Tax Day 2016: Charts to Explain our Tax System

Today is Tax Day! Our partners at Fix the Debt have republished their annual chartbook to explain federal taxes – including who pays them, what they pay for, and how they are collected. In addition, they look at the $1 trillion plus amount of tax expenditures in the tax code and how the revenue raised fits into the federal budget. We've highlighted a few of the charts below.

Where Tax Dollars Went In 2015
The taxpayer receipt for 2015 shows that a majority of tax dollars go towards Medicare, Social Security, and defense/military benefits. Relatively few tax dollars fund programs like foreign aid and natural resource protection. Notably, for every $100 paid in taxes, more than $6 goes towards the interest payments on the debt, making it the fourth-largest area of the budget. Because the government is running a deficit, federal taxes don’t cover all spending; taxpayers would have needed to pay an extra $13 for every $100 they spent in taxes to cover it all.

Where Does The Federal Government’s Money Come From?
The federal government collects most of its funds from individual income tax, payroll tax, and deficit financing. Individual income taxes and payroll taxes will cover 70 percent of this spending while 14 percent is deficit-financed. In the coming years, the government will increasingly rely on deficits unless our fiscal course is changed.

Who Pays Federal Taxes?
The top 20 percent of households pay almost 70 percent of federal taxes, with the top 1 percent of earners paying nearly one-quarter. This reflects both the distribution of income and the progressive nature of the current tax code: in 2011, households in the top income quintile received 52 percent of before-tax income and paid about 69 percent of federal taxes, while households in the bottom quintile received 5 percent of before-tax income and paid 0.6 percent of taxes.

Tax Breaks Have Grown Over Time
The size of “tax expenditures” – the various deductions, credits, exclusions and other tax breaks in the current code – has grown over time, and is now twice as much as after lawmakers last reformed the tax code in 1986, after adjusting for inflation.

Many of these tax expenditures are similar to government spending programs. This leads some tax experts to refer to tax expenditures as “spending through the tax code” that obscures the true size of government. If individual and corporate tax expenditures were counted as ordinary spending, they collectively would comprise 25 percent of the federal budget.

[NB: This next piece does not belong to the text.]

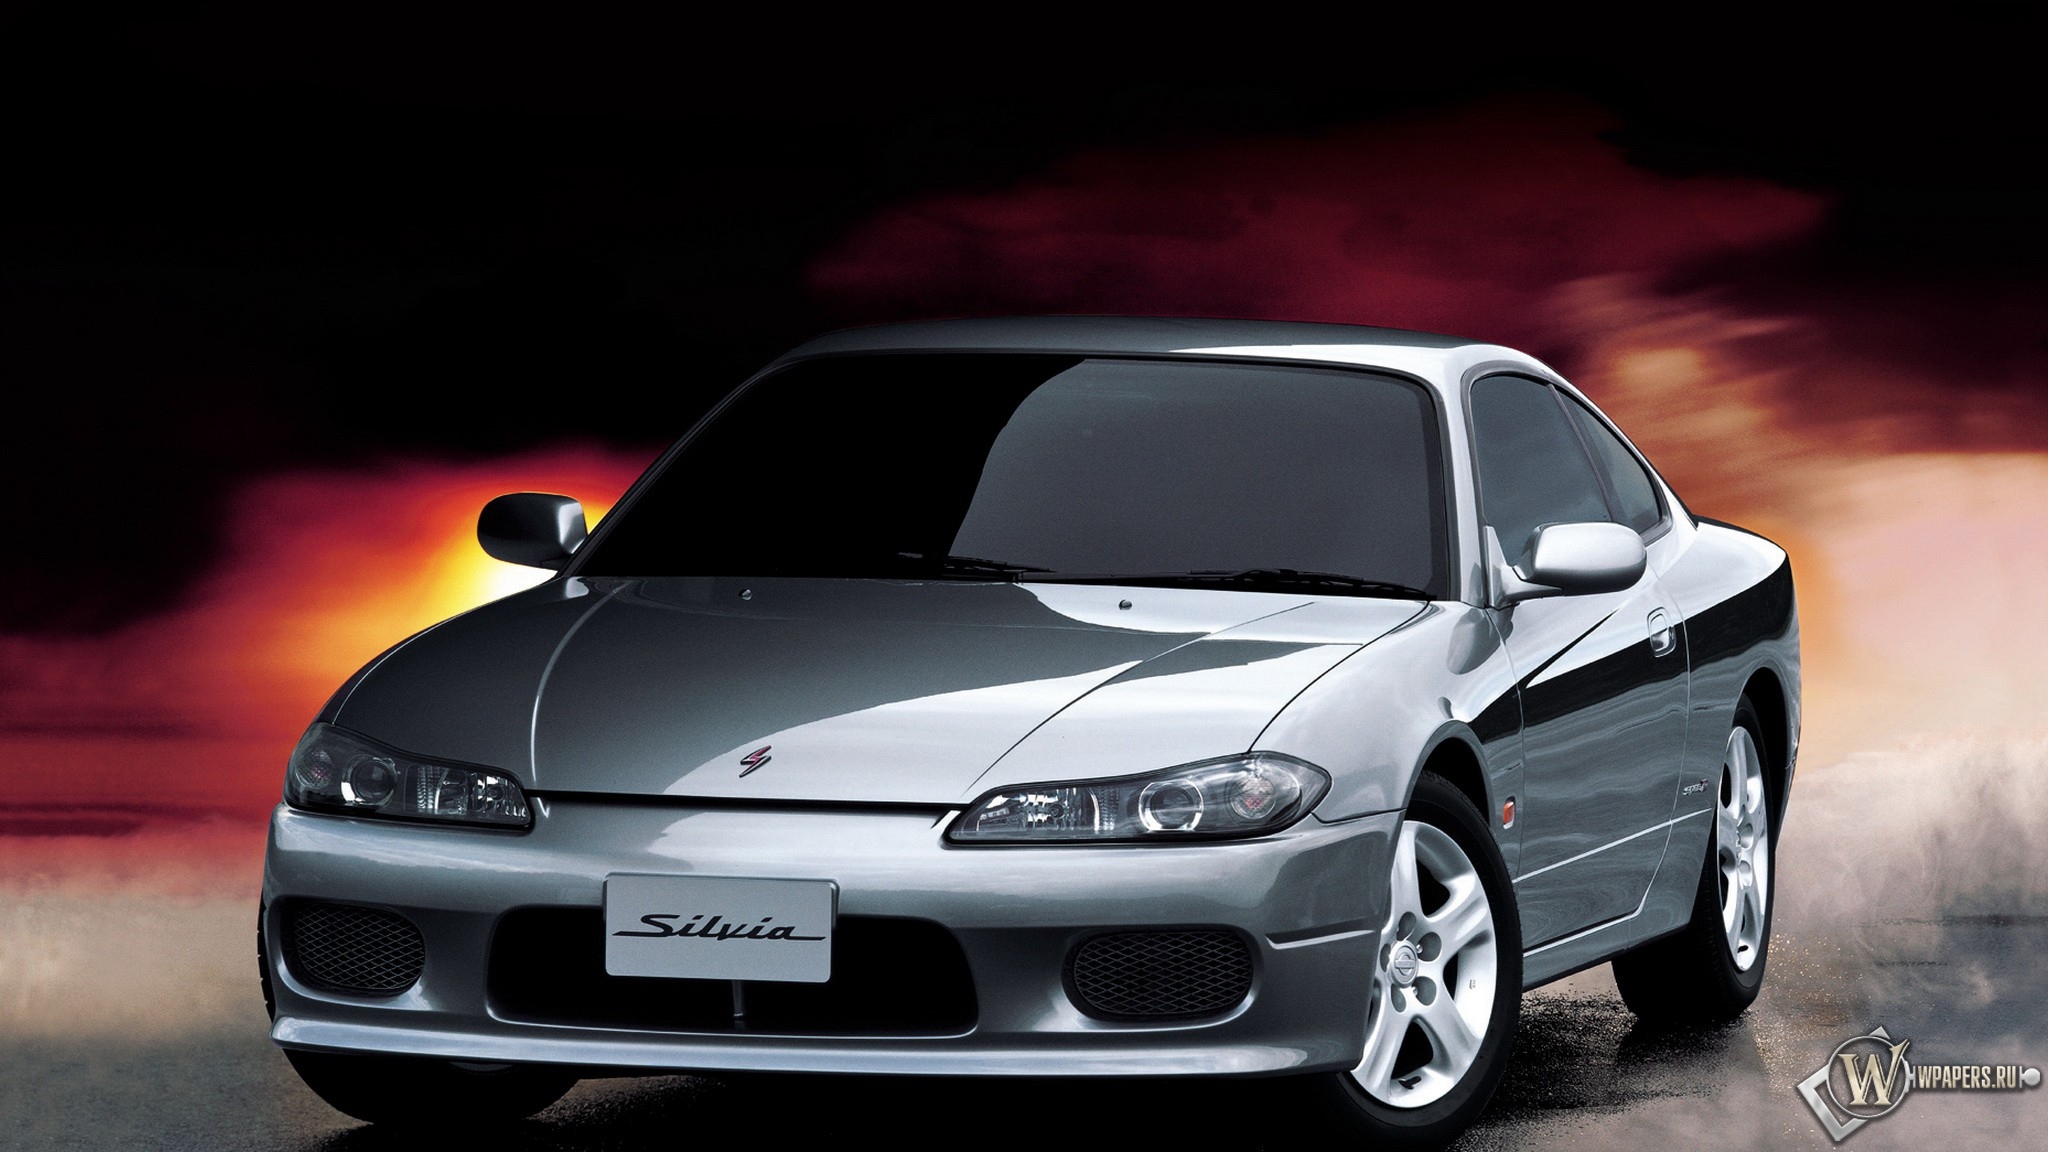 Nissan Silvia spec r 2048x1152

Revenues Don’t Cover Spending
Historically, revenues have averaged at 17.4 percent of GDP, while spending has averaged at 20.2
percent of GDP. Under current law, spending is expected to grow from 21.1 percent of GDP in 2016 to 23.1 percent by 2026, which is much higher than its historical average. Government will still have to rely heavily on deficit financing to meet its current spending obligations.  On the other side, revenues are expected to remain virtually flat at around 18 percent of GDP.

 

Now that we've paid our taxes, it is worth remembering the basic facts about our current income tax system. And as lawmakers consider whether to overhaul the current tax code, it is important to recognize the tough choices and trade-offs inherent in tax reform.